▶ Data shown:
=== Section Start ===
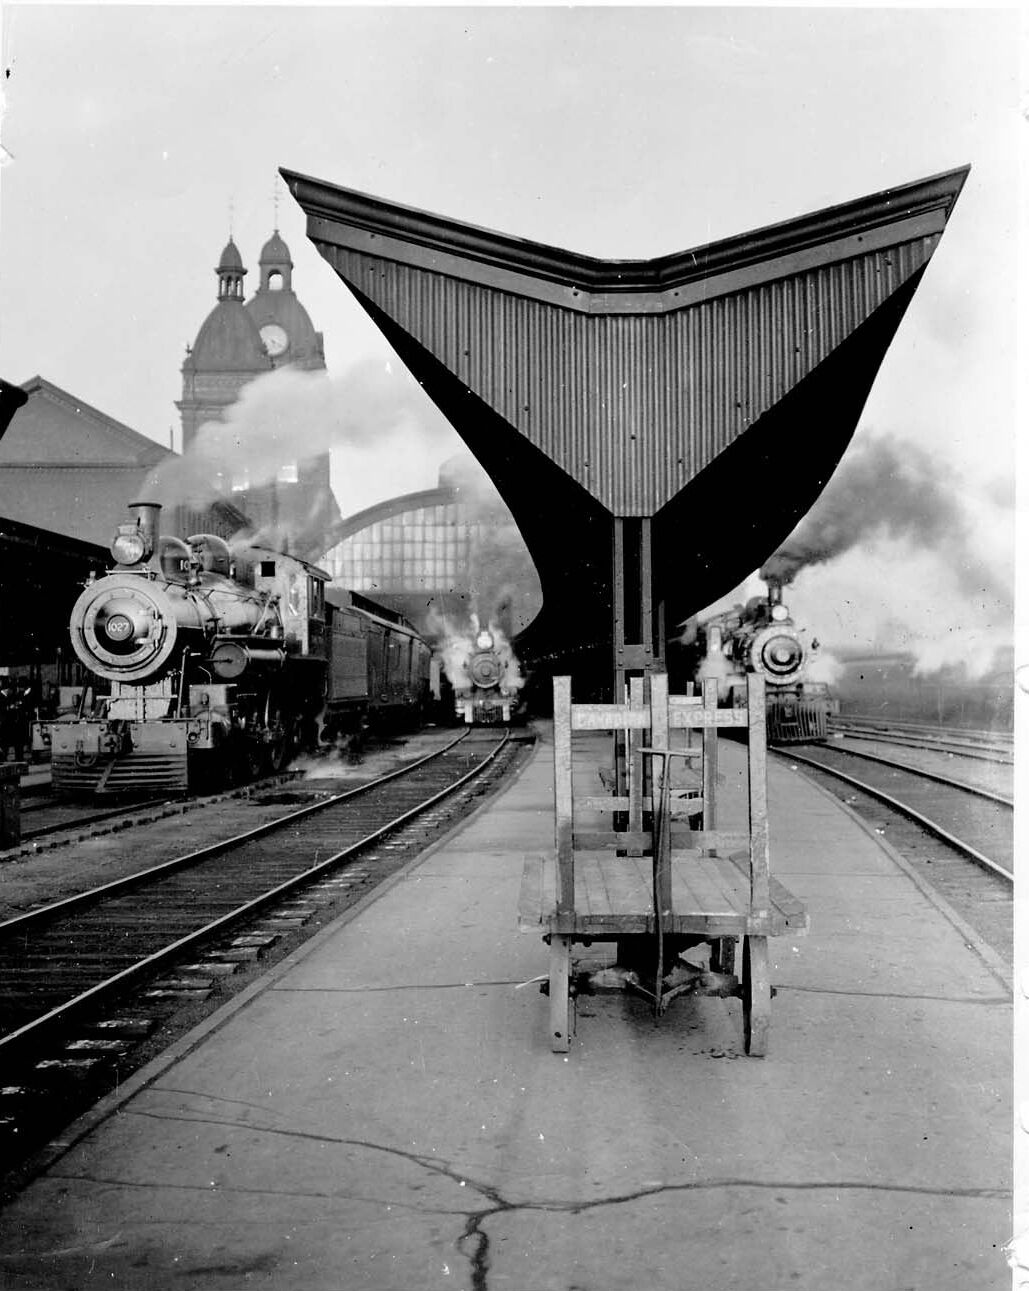 Three locomotives in the station at [Old Union Station](https://en.wikipedia.org/wiki/Toronto_Union_Station_(1873))
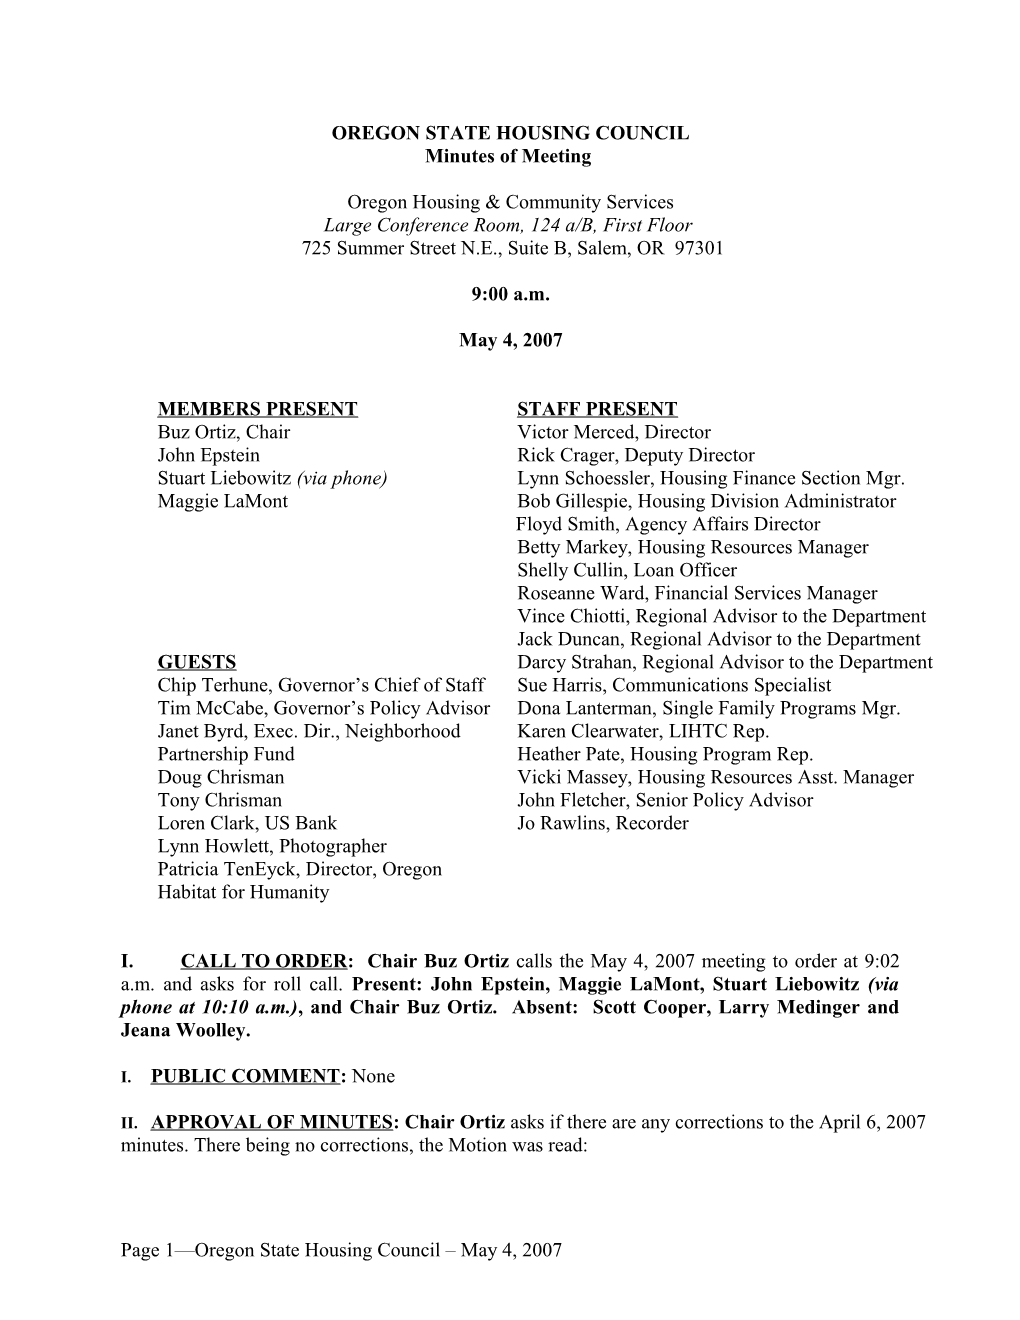 05-04-2007 State Housing Council Meeting Minutes
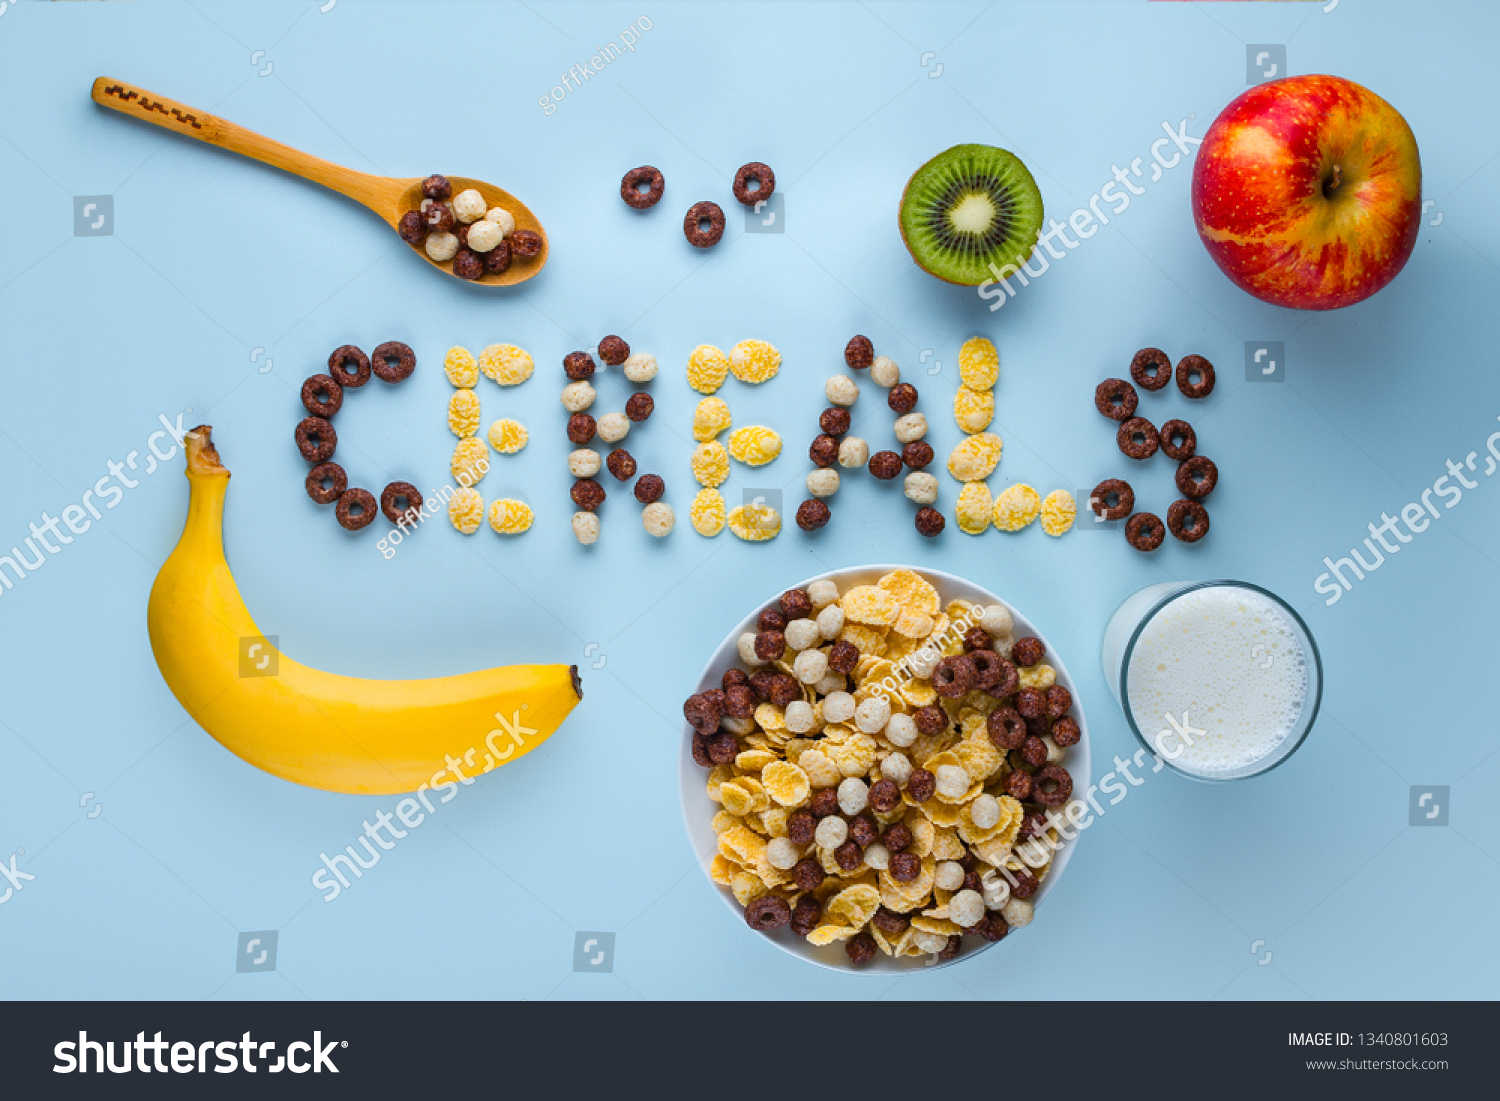 Bowl and spoon with dry chocolate balls, rings, corn flakes, glass of milk and fresh ripe fruits for healthy fiber cereals breakfast. Cereals concept  #1340801603
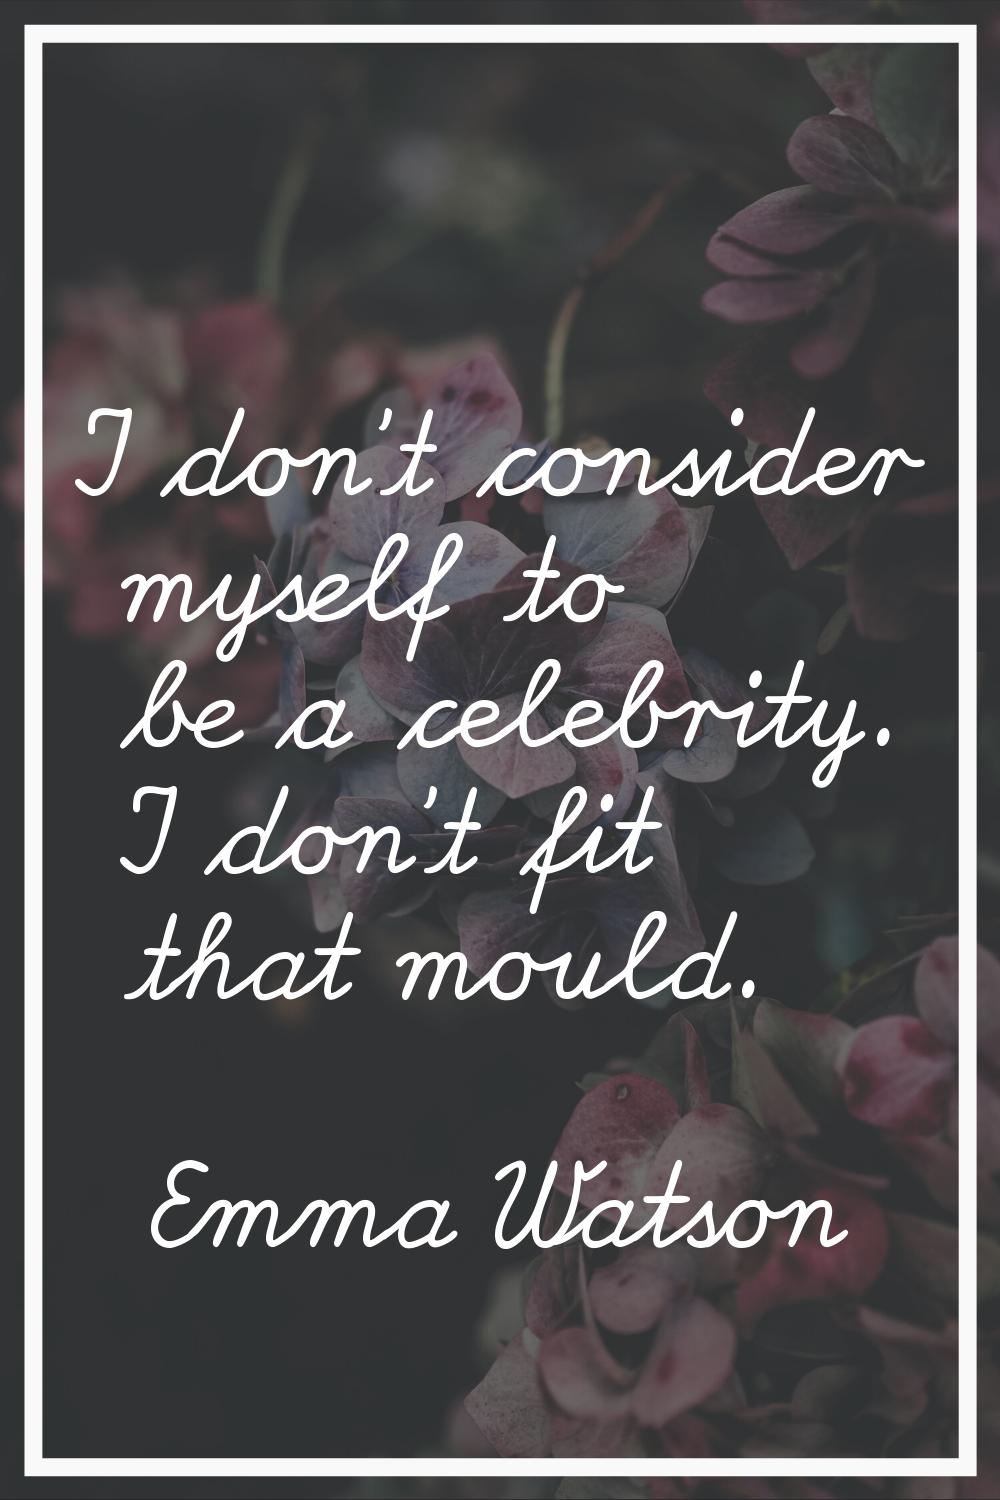 I don't consider myself to be a celebrity. I don't fit that mould.
=== Section End ===
▶ Work to be completed:
No pictures go in the copy. Set down all the data exactly.

▶ Response below:
 Three locomotives in the station at [Old Union Station](https://en.wikipedia.org/wiki/Toronto_Union_Station_(1873))
 05-04-2007 State Housing Council Meeting Minutes
 Bowl and spoon with dry chocolate balls, rings, corn flakes, glass of milk and fresh ripe fruits for healthy fiber cereals breakfast. Cereals concept  #1340801603
 I don't consider myself to be a celebrity. I don't fit that mould.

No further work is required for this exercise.